* [Dataset extract]
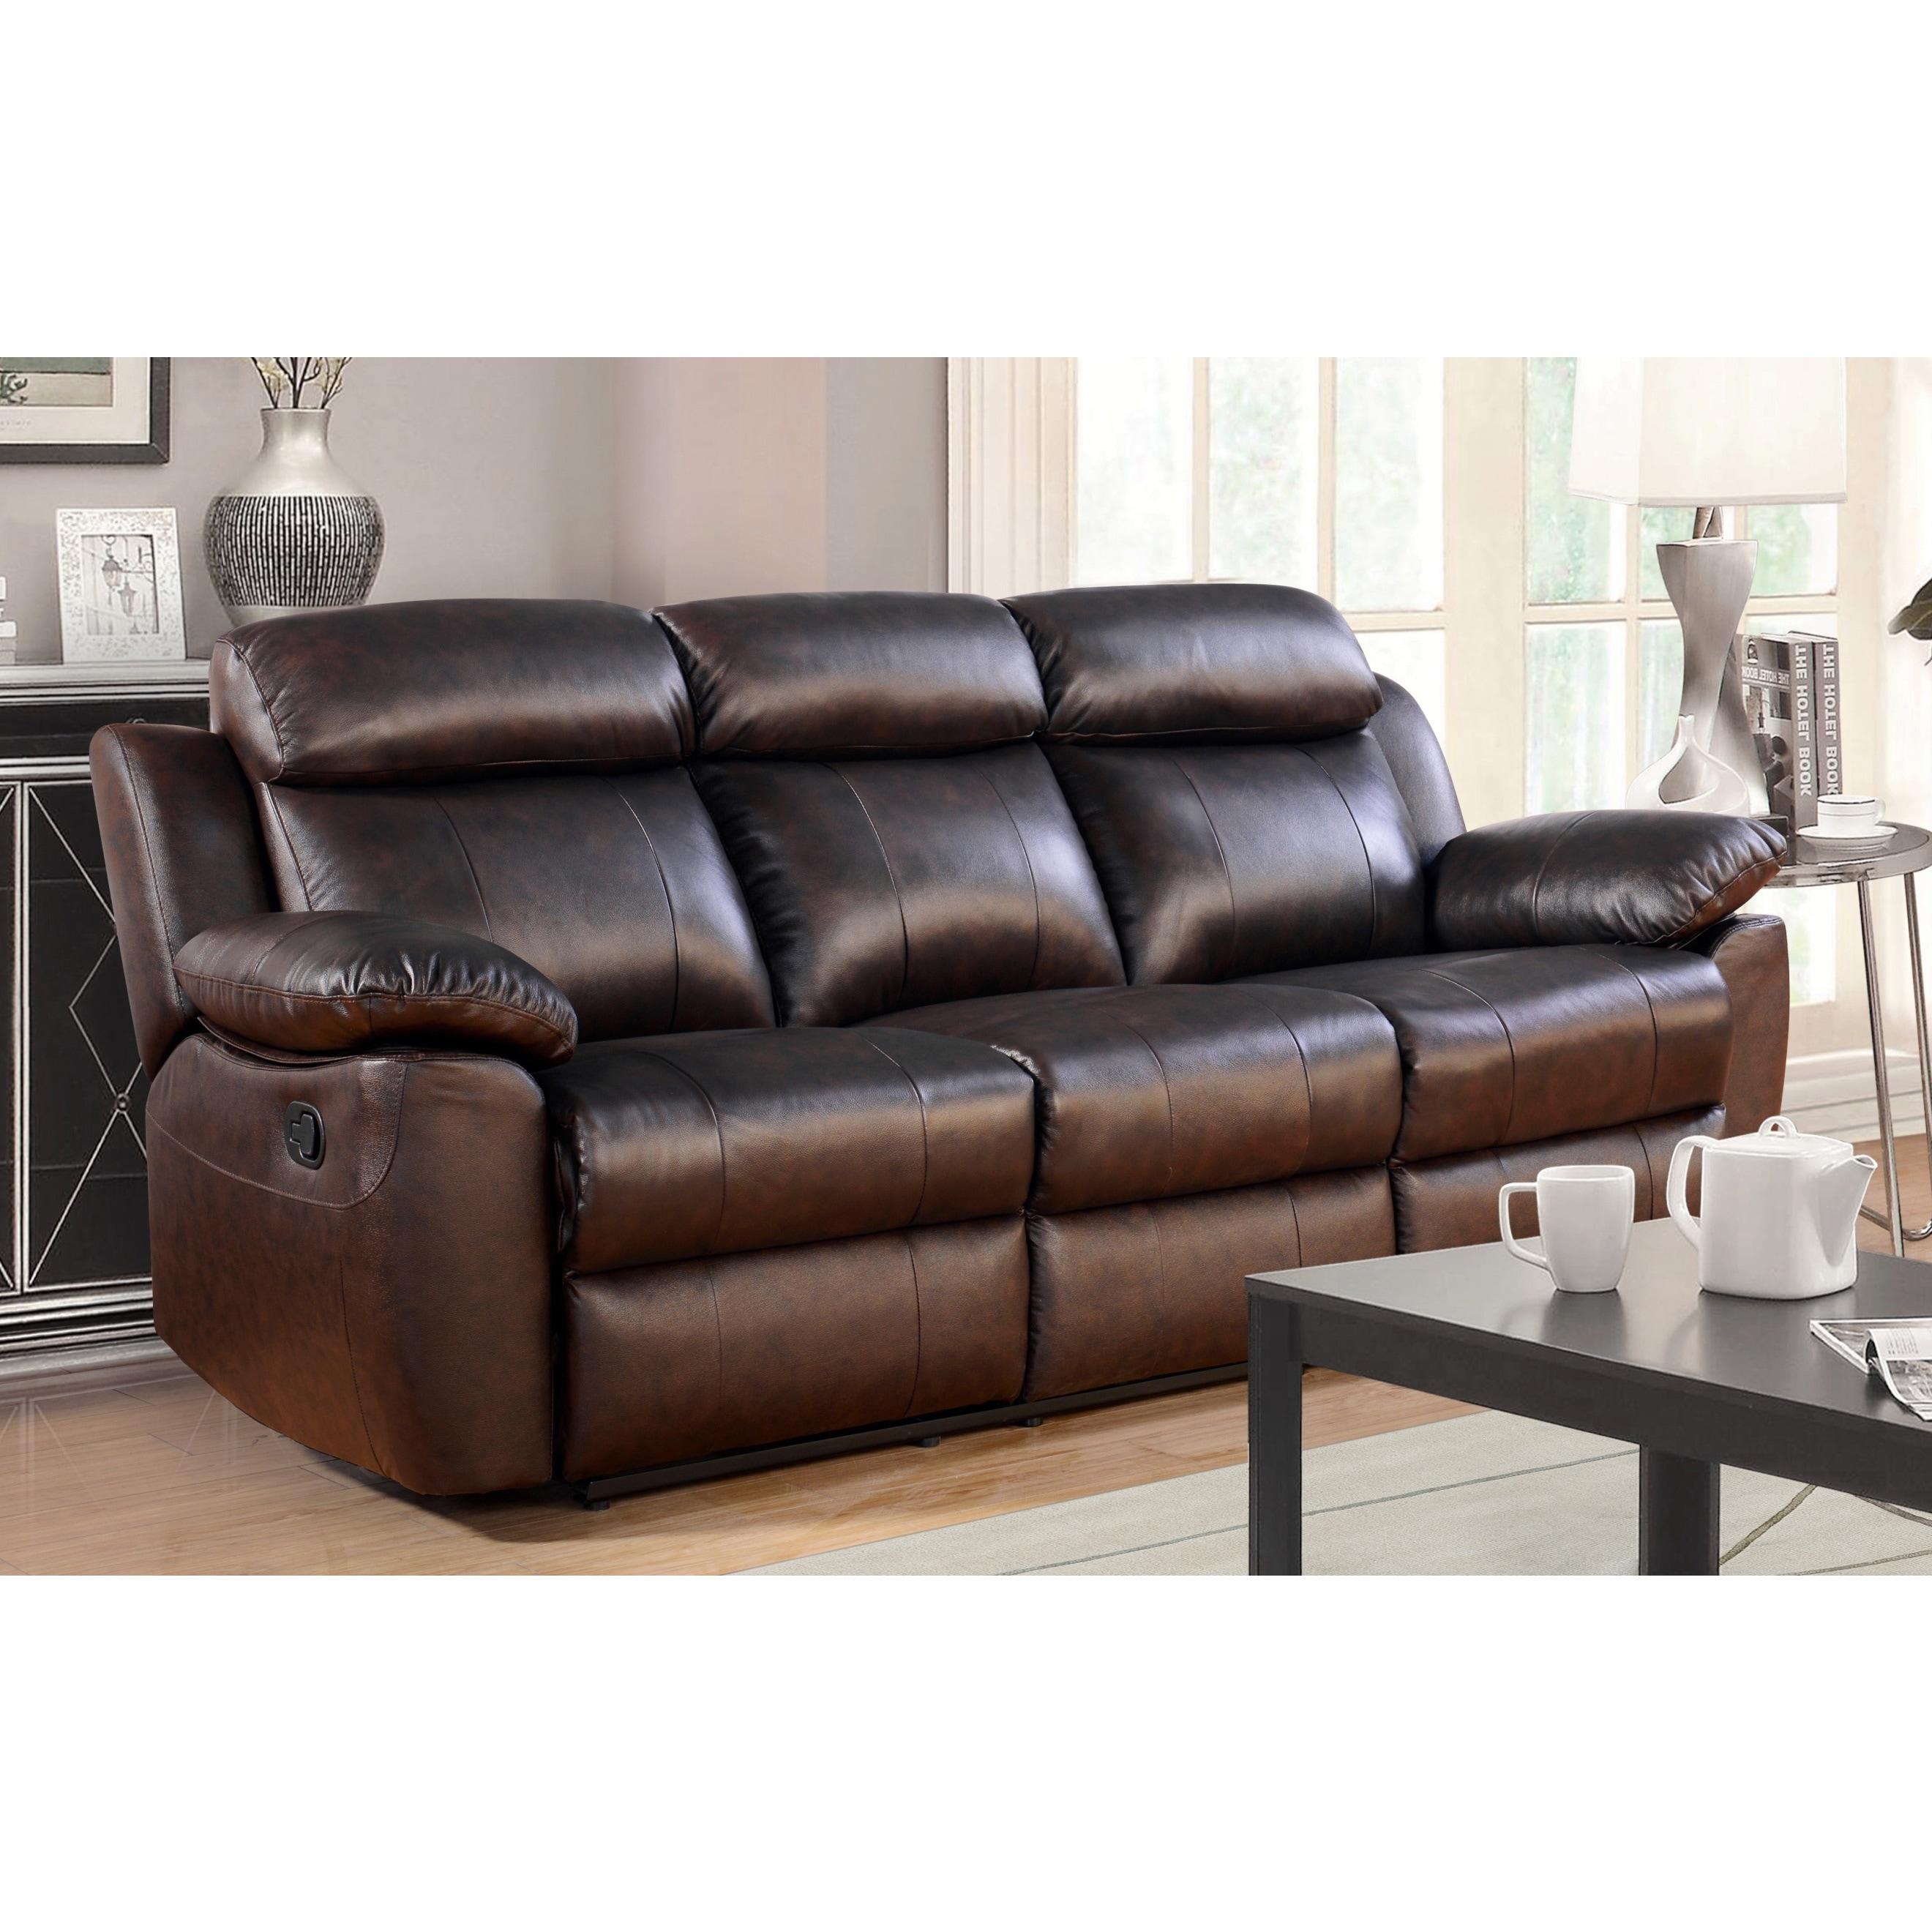 Abbyson Braylen 3 Piece Top Grain Leather Reclining Living Room Sofa Set Ebay
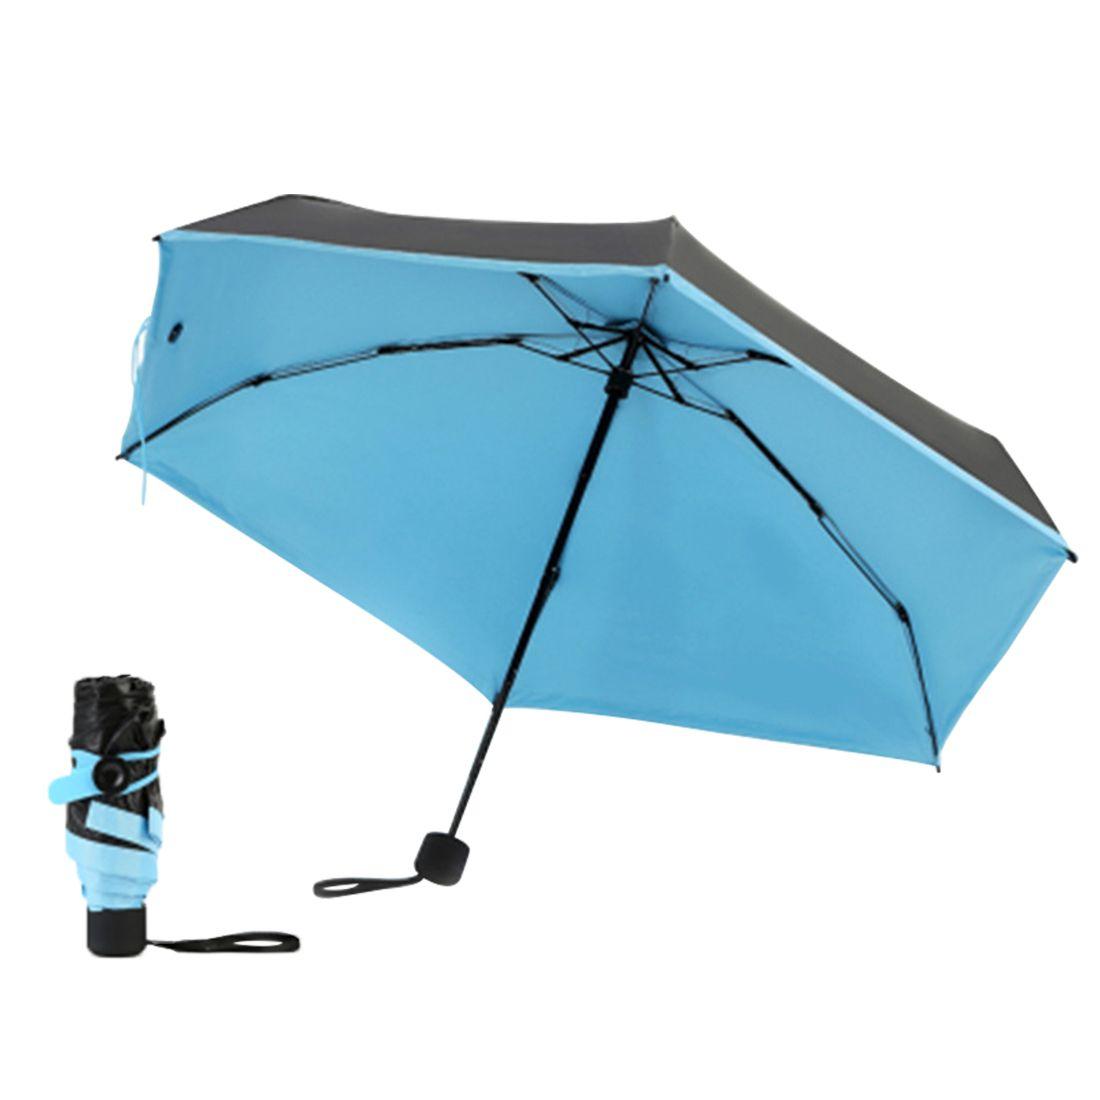 17a3a86c1f50 New Mini Pocket Umbrella Women Sunny and Rainy Mini Fashion Folding  Umbrellas 210g Small Sun Parasol Umbrella
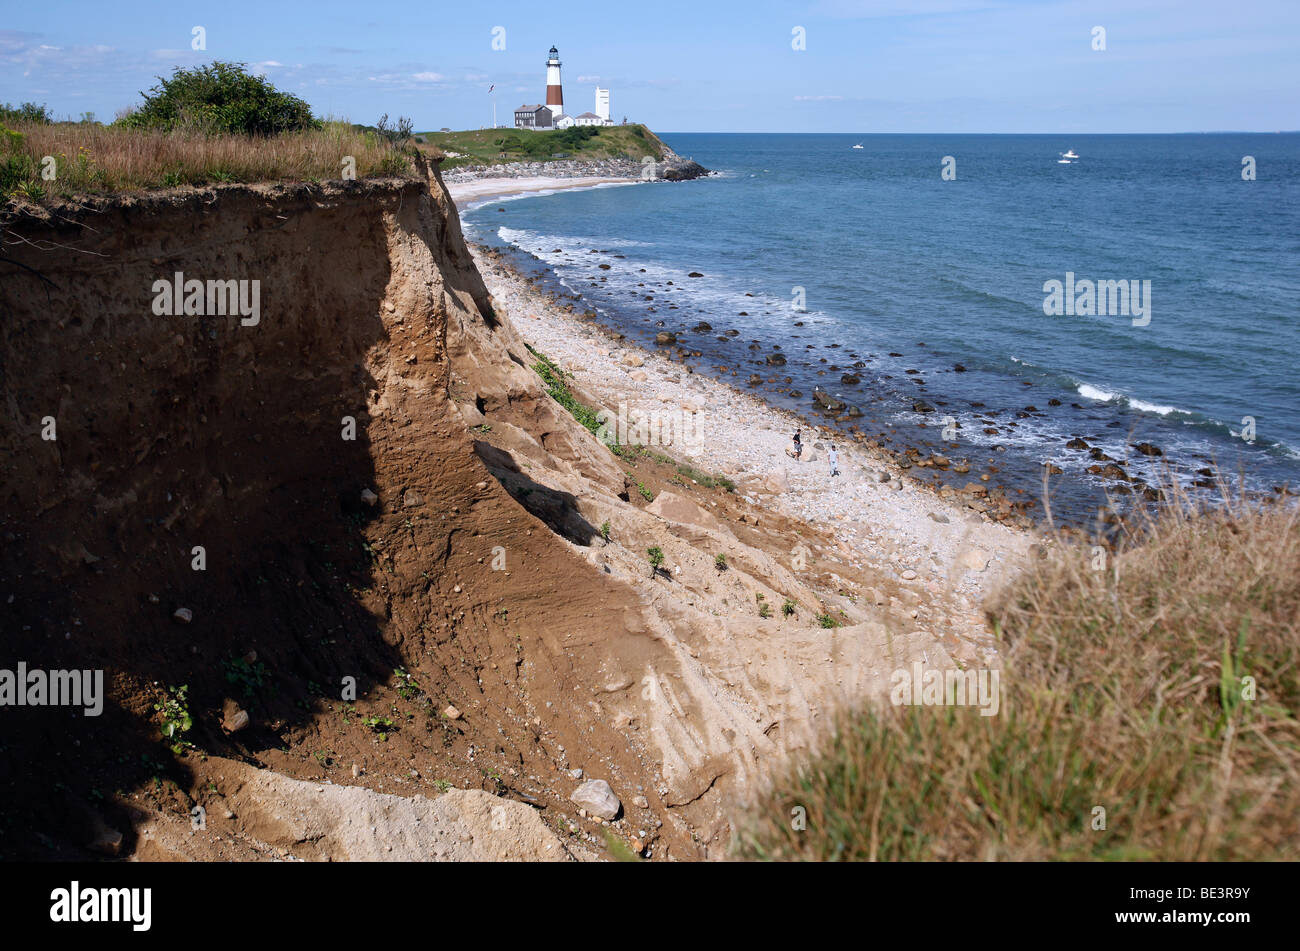 Ocean bluffs, Montauk lighthouse, Long Island, New York - Stock Image
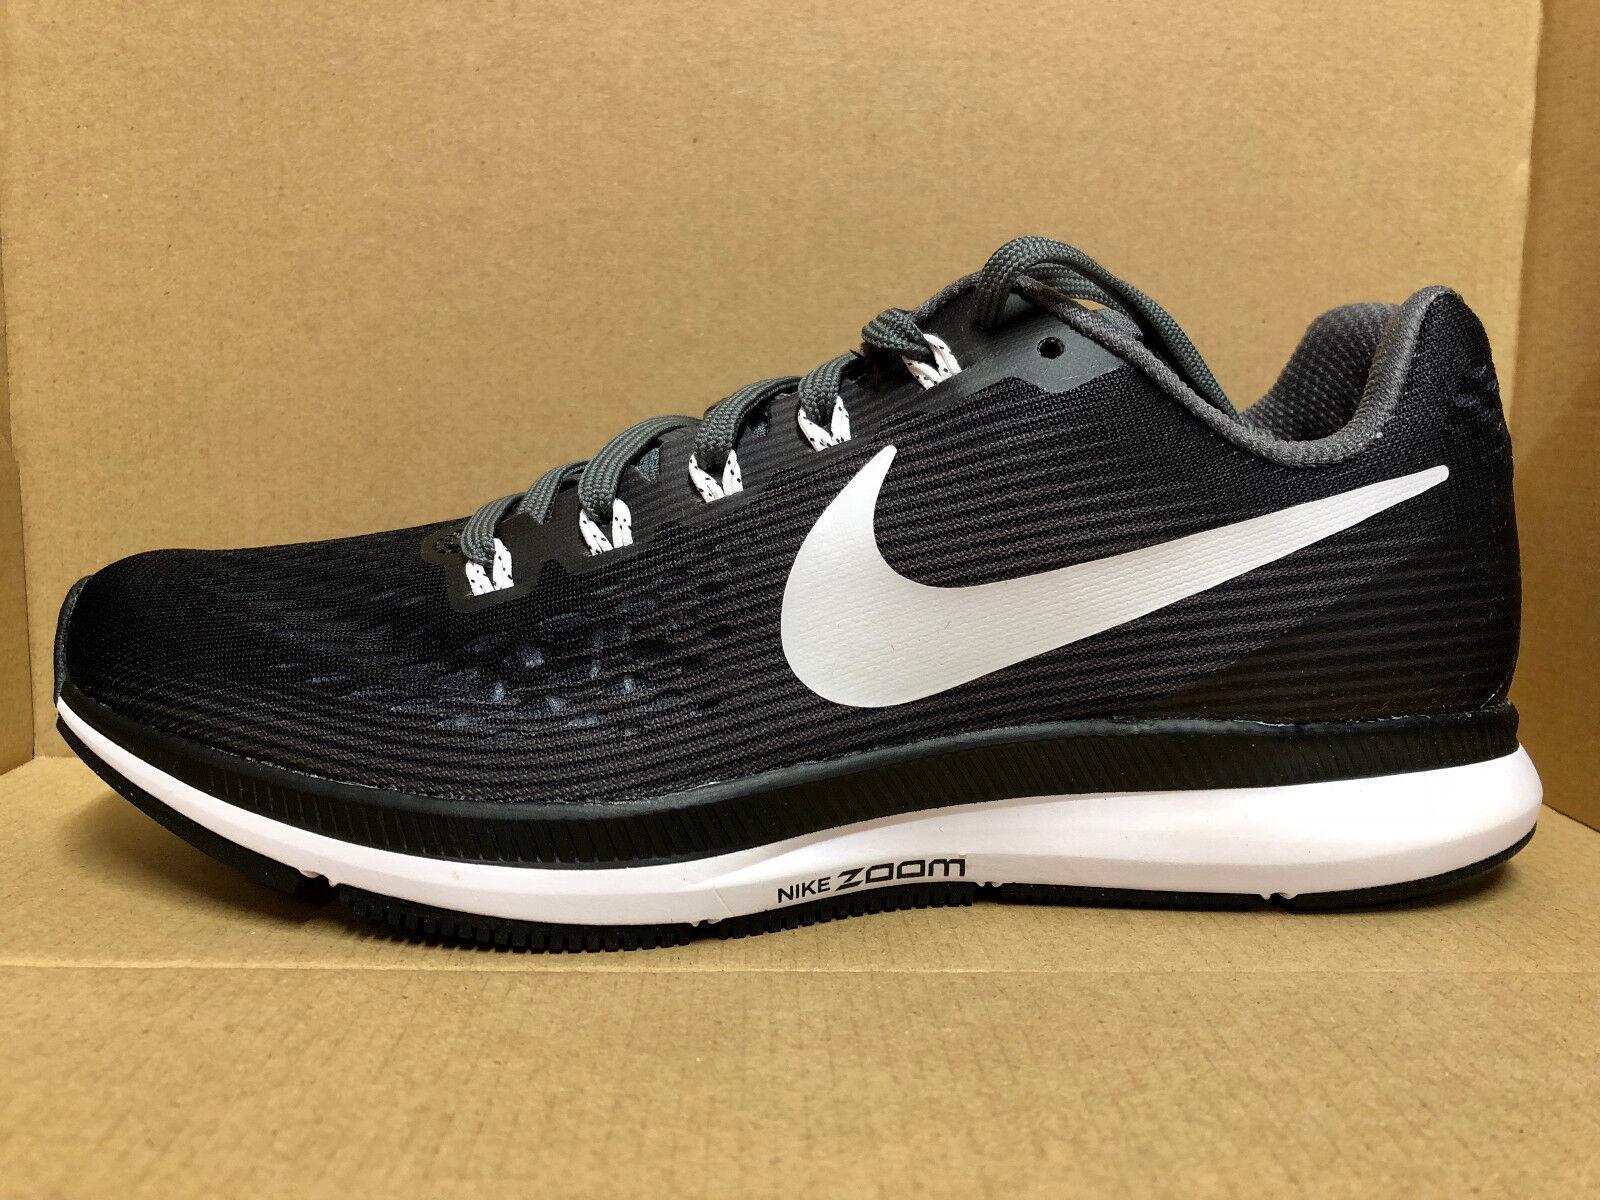 MUJER Nike Air Zoom Pegaso 34Tb Zapatos Negro blancoo blancoo blancoo gris 887017 001  directo de fábrica

* [About this task] Reproduce all the data as it stands. The pictures are not part of the copy.

* [Task answer]
 Abbyson Braylen 3 Piece Top Grain Leather Reclining Living Room Sofa Set Ebay
 17a3a86c1f50 New Mini Pocket Umbrella Women Sunny and Rainy Mini Fashion Folding  Umbrellas 210g Small Sun Parasol Umbrella
 Ocean bluffs, Montauk lighthouse, Long Island, New York - Stock Image
 MUJER Nike Air Zoom Pegaso 34Tb Zapatos Negro blancoo blancoo blancoo gris 887017 001  directo de fábrica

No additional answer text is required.